> _Goal of the exercise_
Make an exact copy of the listing so that no picture is carried over.

> _Exercise data_

══════════════════════════════

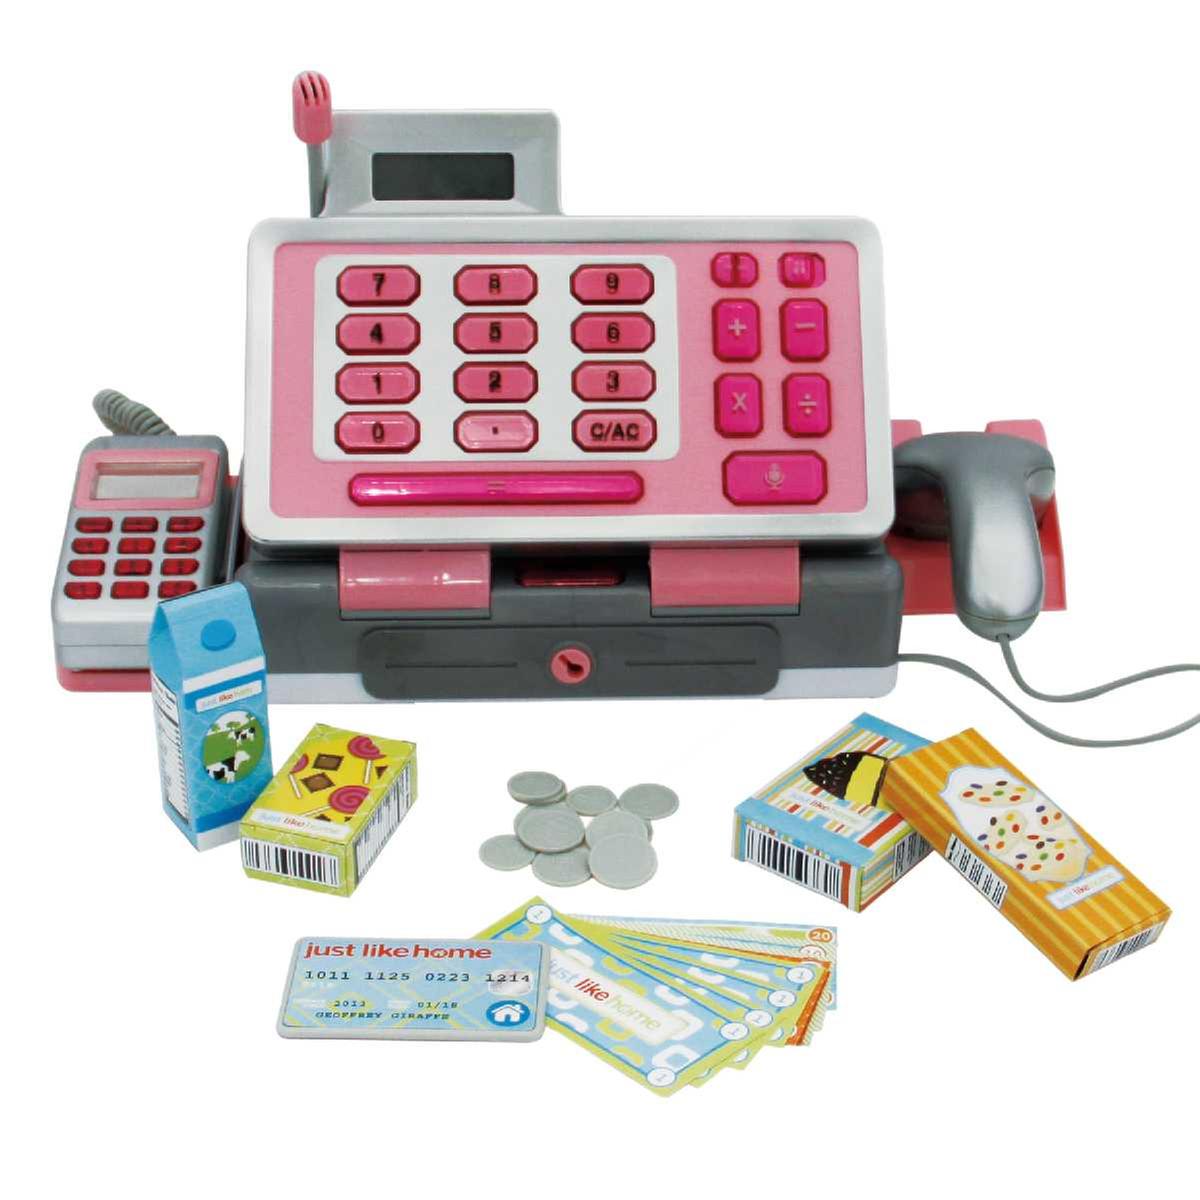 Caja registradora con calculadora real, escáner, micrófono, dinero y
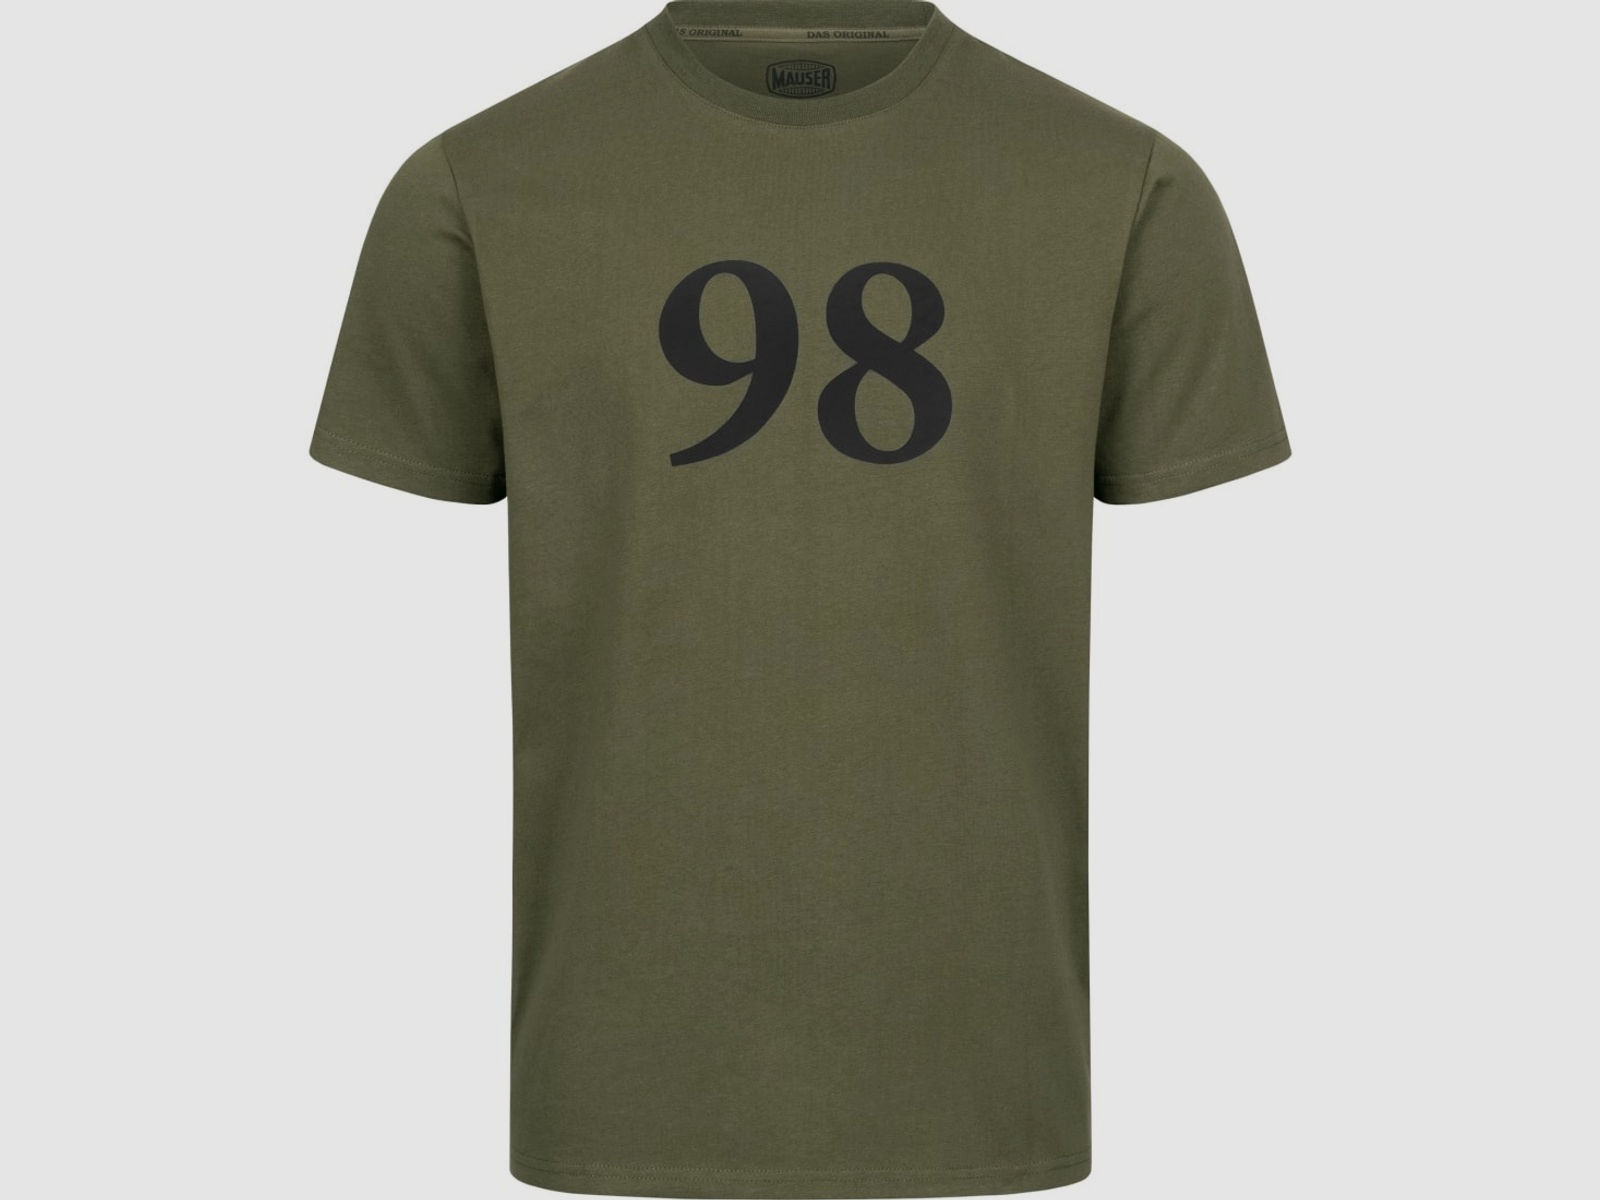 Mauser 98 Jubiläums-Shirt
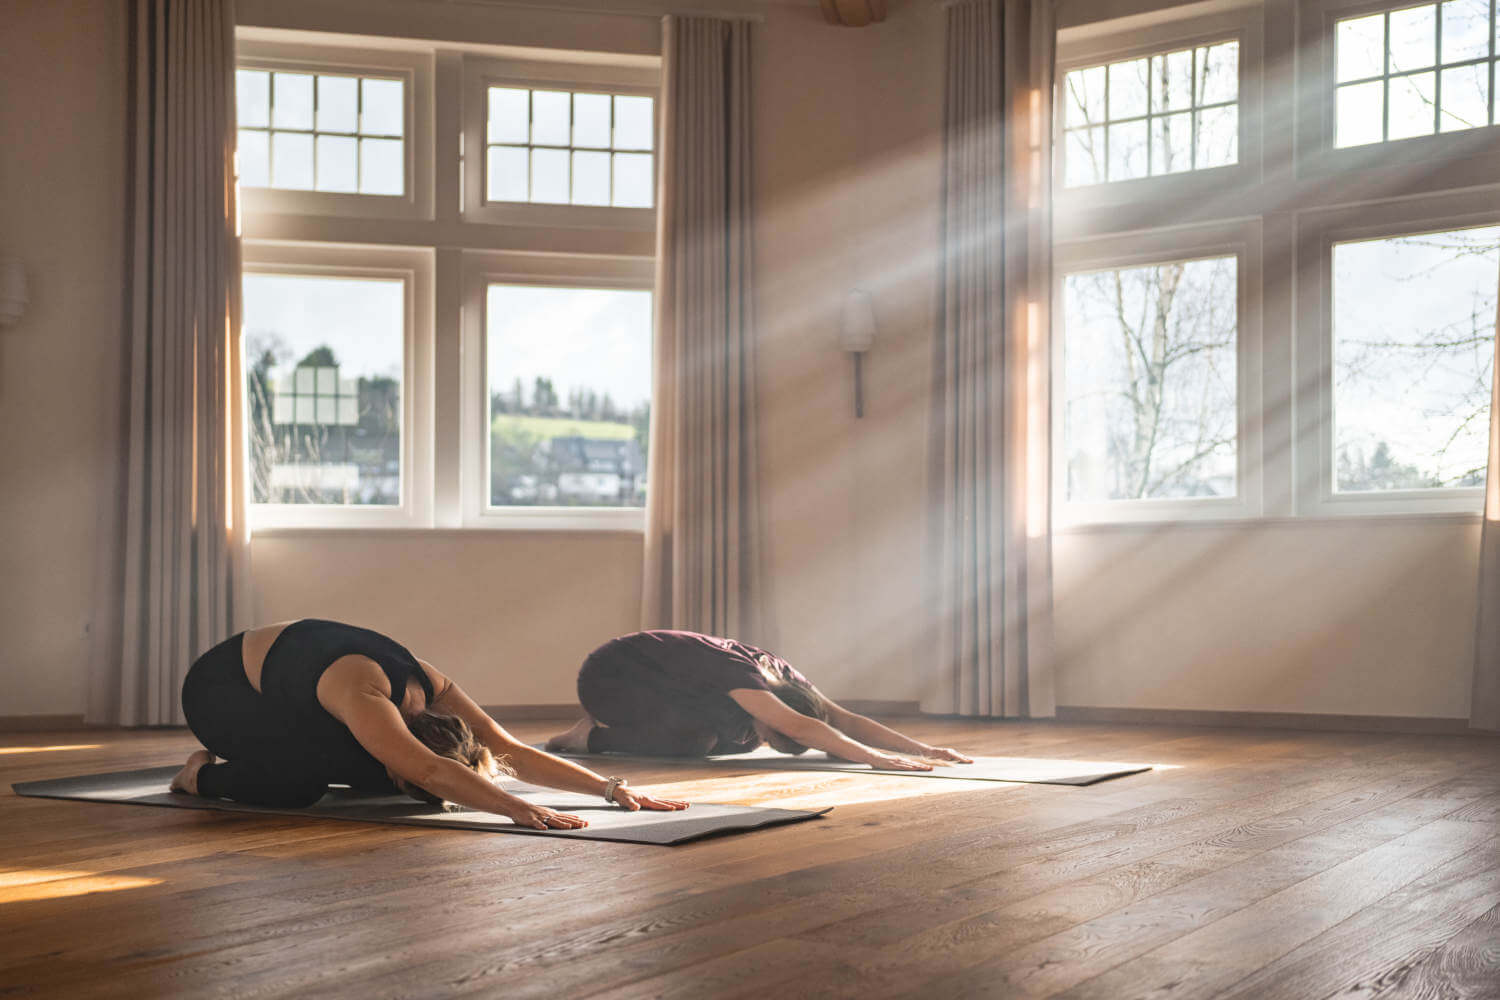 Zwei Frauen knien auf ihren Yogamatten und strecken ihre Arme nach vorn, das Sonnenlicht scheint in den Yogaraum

══════════════════════════════

> _Response below_
 Caja registradora con calculadora real, escáner, micrófono, dinero y
 Mauser 98 Jubiläums-Shirt
 Zwei Frauen knien auf ihren Yogamatten und strecken ihre Arme nach vorn, das Sonnenlicht scheint in den Yogaraum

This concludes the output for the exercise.